Critical-path overhead from evaluation: 10-50ms. That is the SLM sidecar. Everything else is asynchronous.

Example: Trading Compliance (Tier 3, CRITICAL Risk)

Trade request arrives
  → Input guardrails                     5-20ms   [sync]
  → Agent generates trade recommendation 100-500ms [sync]
  → SLM tactical evaluation              10-50ms  [sync]
  → Cloud Judge (synchronous, CRITICAL)  500ms-2s [sync, CRITICAL only]
  → Compliance domain judge (sync)       500ms-2s [sync, CRITICAL only]
                                         ──────────
  Total critical path:                   1.1-4.6s

  → Strategic evaluator (post-trade)     1-5s     [async]

For CRITICAL risk, the cloud judge runs synchronously. This is the cost of assured evaluation for irreversible, high-consequence actions.

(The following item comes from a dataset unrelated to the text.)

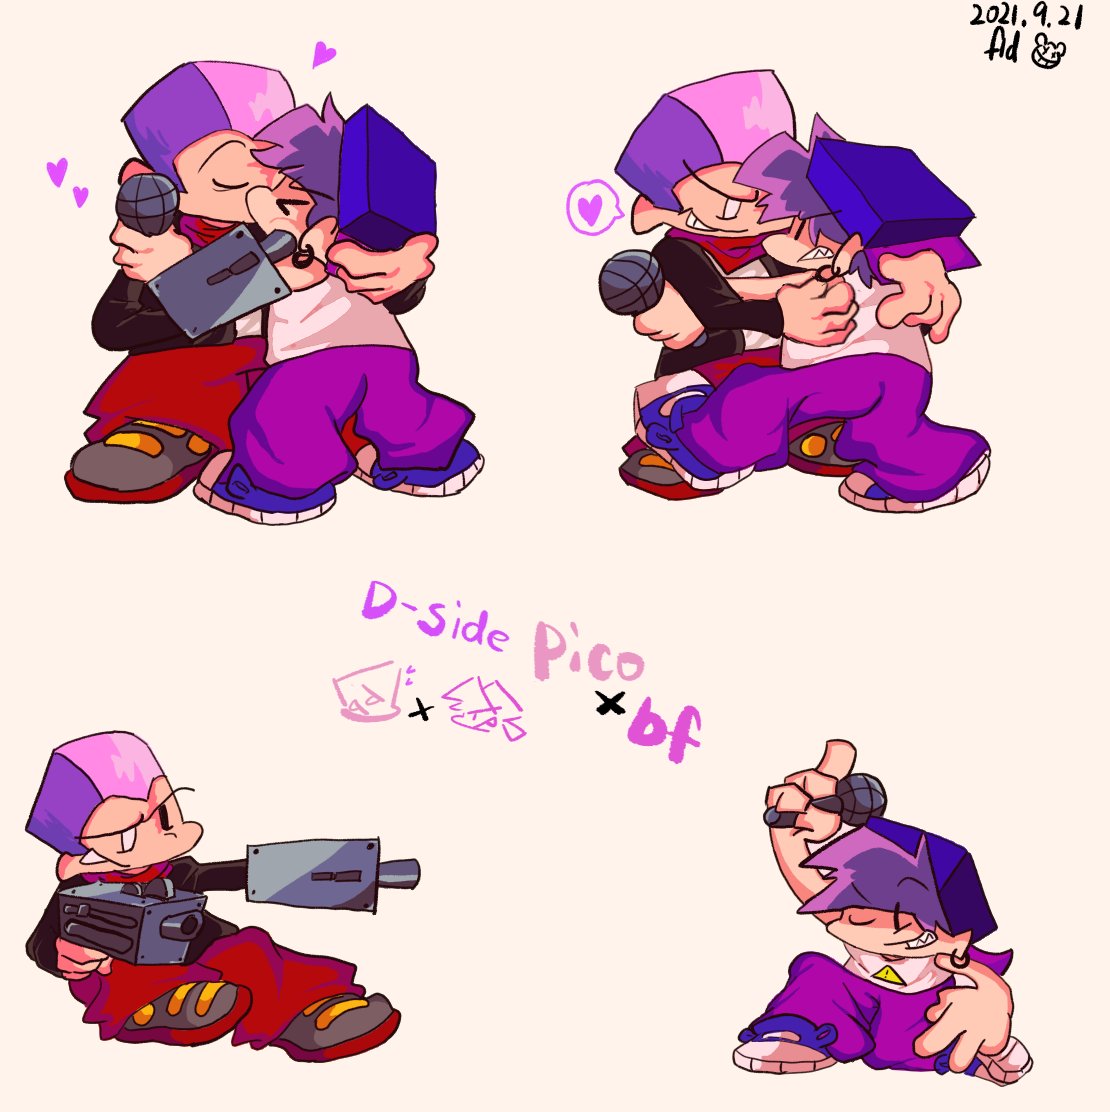 2boys alternate_universe boyfriend_(friday_night_funkin') dated earrings english_text friday_night_funkin' friday_night_funkin'_d-sides fulaidi1 grin gun hat heart heterochromia holding holding_gun holding_microphone kiss microphone pants pico_(pico's_school) pink_hair purple_hair sharp_teeth simple_background smile standing tan_background weapon yaoi

Do not put the full stack on the critical path

The most common latency mistake is making every evaluation component synchronous. Only the tactical judge (SLM sidecar) and guardrails belong on the critical path for most workflows. Strategic evaluation, meta-evaluation, and observer scoring are asynchronous by design. If your workflow has a latency budget under 500ms, use the SLM approach and keep the cloud judge async.

Budgeting Template

Line Item Monthly Estimate
Generator LLM API costs $ ___
Input guardrails (if ML-based) $ ___
Output guardrails (if ML-based) $ ___
SLM infrastructure (if using distilled model) $ ___
SLM retraining (amortised monthly) $ ___
Judge LLM API costs (at sampling rate ___%) $ ___
Teacher verification of SLM (if applicable, ___% sample) $ ___
Human review (estimated ___ reviews × $___/review) $ ___
Monitoring infrastructure (SIEM, dashboards) $ ___
Total security overhead $ ___
As % of generator cost ____%

Rule of thumb: Security overhead is typically 15–40% of generator cost for Tier 2, and 40–100% for Tier 3. Replacing the cloud Judge with a distilled SLM for routine screening can reduce that overhead by 60–90% at high volumes, bringing Tier 3 costs closer to the Tier 2 range.